Сережа фыркал на это, но не отвечал. И чего ему было отвечать, если он уже знал, что скоро, может быть в тот же вечер, ему придется выслушивать другую сторону и так же, наверное, помалкивать, мотать на ус, да готовиться к чему-то своему.
— Видишь ли, несчастье мое, — говорил Герман Тимофеев, вертя в пальцах стаканчик с уключиной, — все мы делаем глупости, но прощать умеем только свои, а чужие — ни-ни. Это бывает очень смешно, а чаще жалко, это как в цирке — два клоуна, у обоих дырка на заднице, оба тычут друг в друга пальцем и покатываются. «Глухой глухого звал к суду судьи глухого». Но ты, конечно, не согласен, ты хочешь возразить.
— Нет, почему же.
— Как «почему»? Да потому, что и все, что наоборот, все это хваленое понимание и терпимость, так называемая скромность — еще худший стыд и позор. Я прощаю тебе это, а ты простишь мне то, ты не замечай моего ничтожества, я не замечу твоего, и да здравствуют наши ничтожества. Бр-р, мерзость какая. Только с ней у меня ничего похожего, хочешь верь, хочешь нет. То есть она-то на меня все время наскакивает, а я, действительно, не отвечаю — да почему, почему не отвечаю-то?
— Ну, почему?
— Да потому что, если я ей отвечу хоть вполсилы, так она сразу должна замертво упасть, уничтожиться начисто — вот даже как. Ведь силы-то неравные, она ко мне с бритвочкой, а у меня дубина в руках, я ее коснусь — она и рассыплется. Я ведь ей всегда больнее могу сделать. Неужели она этого не видит? Причем не одна она, это у женщин бывает, этакое бесстрашие моськино. Я помню, как мать на отца накидывалась, а я уже соображал чего-то, так у меня дух захватывало — вот откроет сейчас рот мой большой и мудрый папа, скажет одно слово, и не станет у нас нашей маленькой и глупой мамы.
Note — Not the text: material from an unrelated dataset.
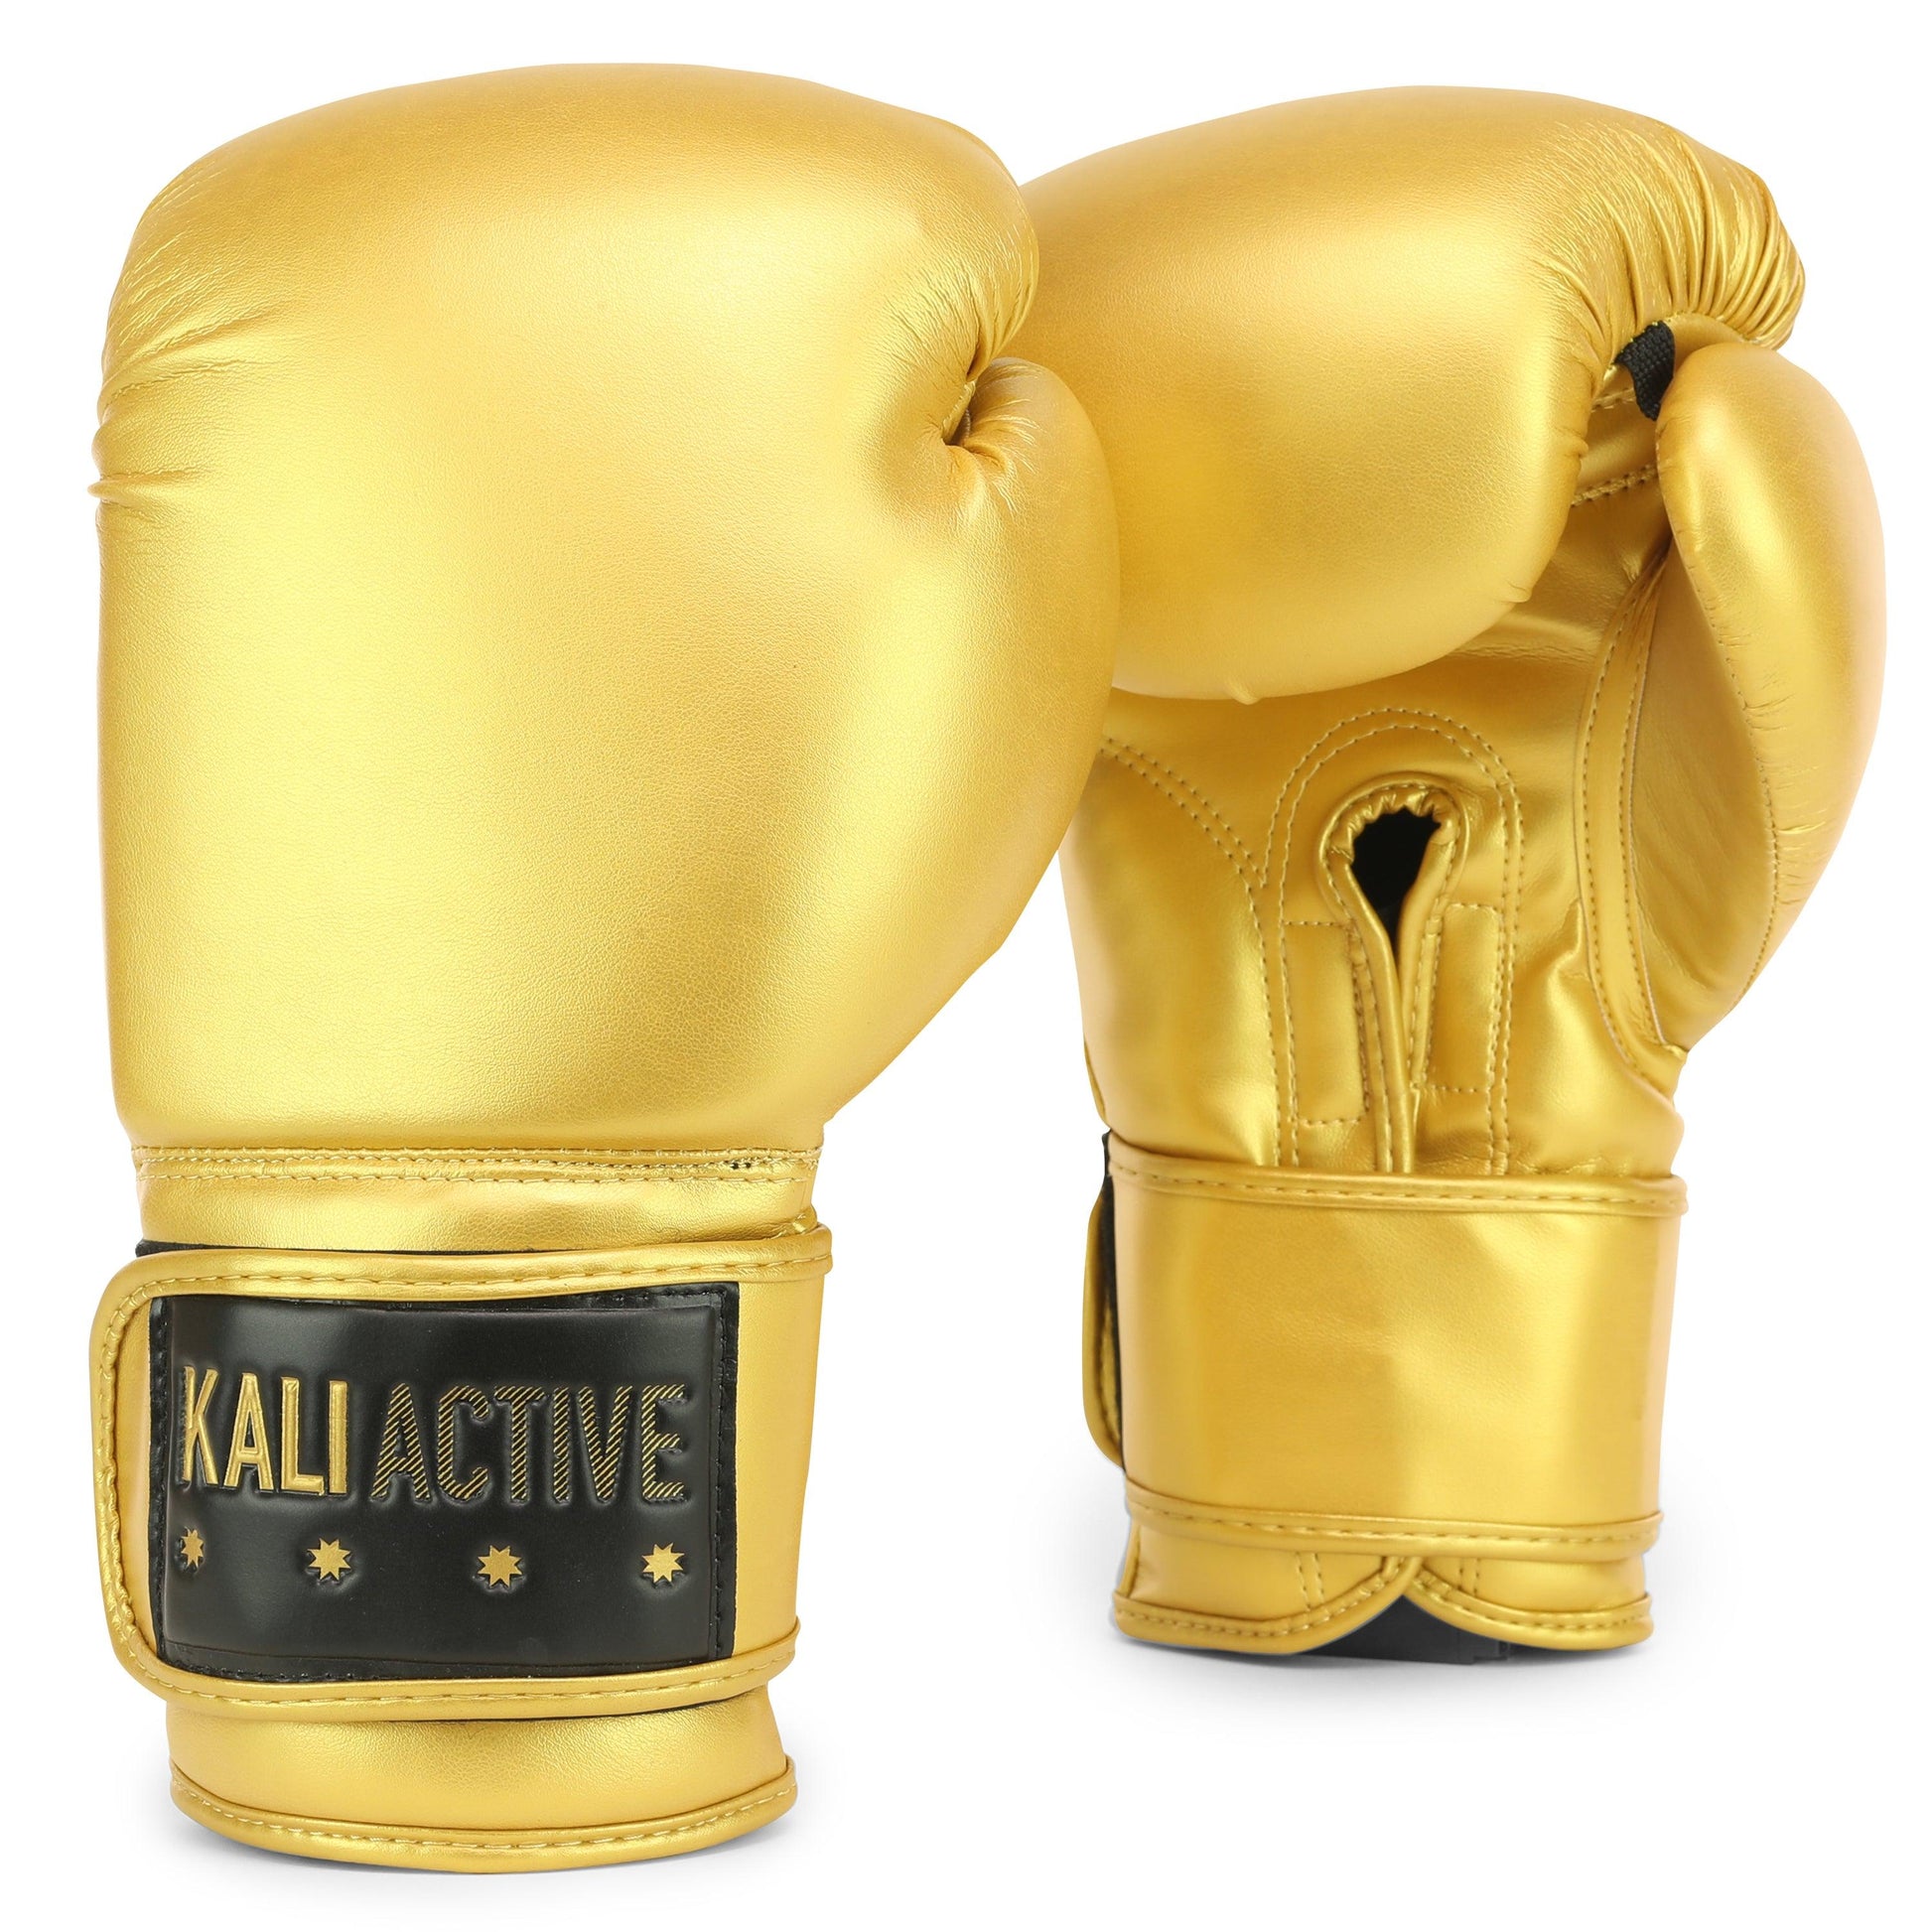 Boxing Gloves (13 photos) - Photography and Web Design - Los Angeles, US based Shopify Experts Revo Designs

Но он почему-то не открывал, так что обошлось — до сих пор вместе живут. А я вот последнее время за себя боюсь, видно, не такой я большой, до папы еще ох как далеко, — как-нибудь не выдержу и отвечу, и не станет у нас нашей прелестной Ларисы Петровны.
— Ничего ей не сделается, — сказал Сережа.
— Ты откуда знаешь?
— Уж знаю.
— Я почему не уверен в себе — потому что научилась она в меня попадать и, знаешь, пребольно. То есть не то чтобы уж так умна, проницательна — нет, Скорее, как ребята мои говорят — ехидина. И бьет все ниже пояса.
— Ну, например?
— Ага, загорелись глазки. Думаешь, побоюсь, не расскажу. Да отчего же. Вот слушай — во-первых, она говорит, что я торгую душами. В том числе и своей. Это я про школу. Что я каждый класс прикупаю на искренность, на всякие откровенности, которые мне ничего не стоят, а потом пользуюсь. То есть мне нужно как-то управляться с ними, вот я и решил — не дисциплиной, а обожанием. Что я из кожи лезу, только б им понравиться, и неплохо уже насобачился в этом деле. И ей противно слышать в учительской: «Ах, Тимофеев, ах, у него авторитет, ах, ученики его на руках носят». И не потому, что это не так, это все так и есть, а потому что куплено-то задешево. Никто не разрешает перебивать учителя, а Тимофеев разрешает. Никому и в голову не придет рассказывать, что за девушка была у него пять лет назад или какой фильм он вчера видел, а Тимофеев может весь урок на это потратить да еще в лицах покажет. У него и книжки можно на уроках читать, и в шахматы играть, если неинтересно, — вот он какой, наш Тимофеев. То есть детям не дают мороженого, чтоб не простудились, а потом приходит такой добрый дядя и потихонечку дает. И за это мороженое ничего с них плохого не просит, только просит, чтоб его обожали. Потому что он жить не может без обожания, без поклонения, такая вот, у него душа.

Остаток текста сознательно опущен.